Two and a Half Men pisses me off. I know tons of people who watch it, too. What? Why? Know what else pissed me off? Jeff being featured on 30 Rock. COME ON! (Please hear “COME ON” in the voice of GOB while wearing his $10,000 suit.)
What IS the deal with Jerry Seinfeld these days? The jerkstore called and they’re running out of him! I actually watched “Bee Movie” and didn’t think it was bad. Not that it was good or memorable, I just didn’t have much of a reaction to it. “Two and a Half Men” and Jeff Dunham are so bad it hurts my insides. Lots of love for this one. Hope you are feeling better & sorry for the tardy comment. Call me!
Yes. I almost disappointed that I made a commitment to never acknowledge “Two and Half Men” so that I could fully appreciate the hatred displayed in this blog.
A powerful share, I simply given this onto a colleague who was doing slightly evaluation on this.
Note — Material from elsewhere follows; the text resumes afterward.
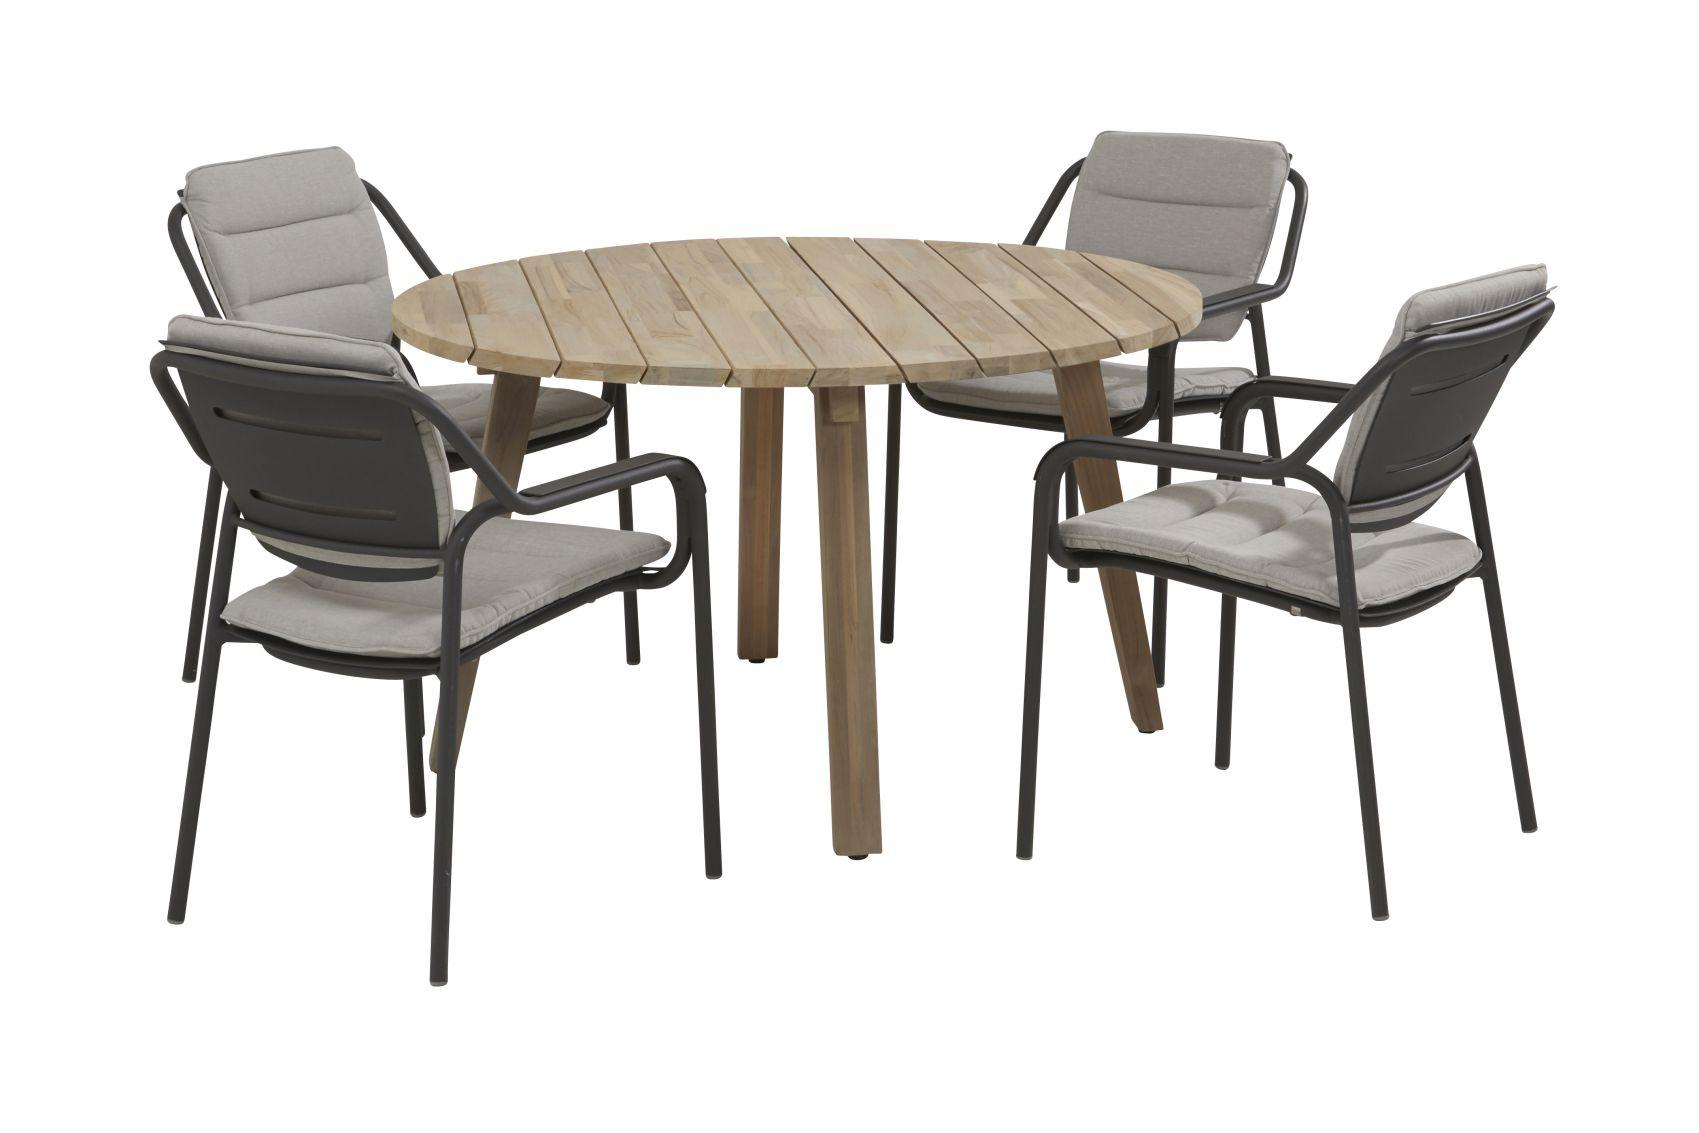 4 seasons outdoor eco dining set derby tafel rond sale latour. Black Bedroom Furniture Sets. Home Design Ideas

And he actually purchased me breakfast because I discovered it for him.. smile. So let me reword that: Thnx for the treat! However yeah Thnkx for spending the time to discuss this, I feel strongly about it and love reading more on this topic. If possible, as you develop into experience, would you mind updating your blog with more details? It is highly useful for me. Large thumb up for this blog put up!
With recent new releases of Apple Macbooks and iPads, it is a great time to get a relatively new model for a very cheap price as owners …
I want to show some appreciation to you just for bailing me out of this situation. Right after exploring throughout the the web and coming across opinions which were not productive, I believed my entire life was done. Being alive without the presence of approaches to the difficulties you have solved by means of your good review is a serious case, as well as the ones which could have adversely affected my career if I hadn’t noticed your blog post. Your actual training and kindness in controlling a lot of things was invaluable. I don’t know what I would’ve done if I hadn’t come upon such a step like this. I’m able to at this moment look forward to my future. Thank you so much for this high quality and result oriented help. I will not be reluctant to recommend your web site to anybody who wants and needs guide about this matter.
Development of a Pregnancy and When You Can Get Pregnant and Other Information
We are a group of volunteers and opening a brand new scheme in our community. Your site offered us with helpful info to work on. You’ve done an impressive job and our whole group shall be thankful to you.
The things i have observed in terms of computer memory is that often there are requirements such as SDRAM, DDR and the like, that must match the features of the motherboard. If the pc’s motherboard is very current while there are no operating-system issues, changing the ram literally normally takes under an hour or so. It’s on the list of easiest computer system upgrade methods one can consider. Thanks for revealing your ideas.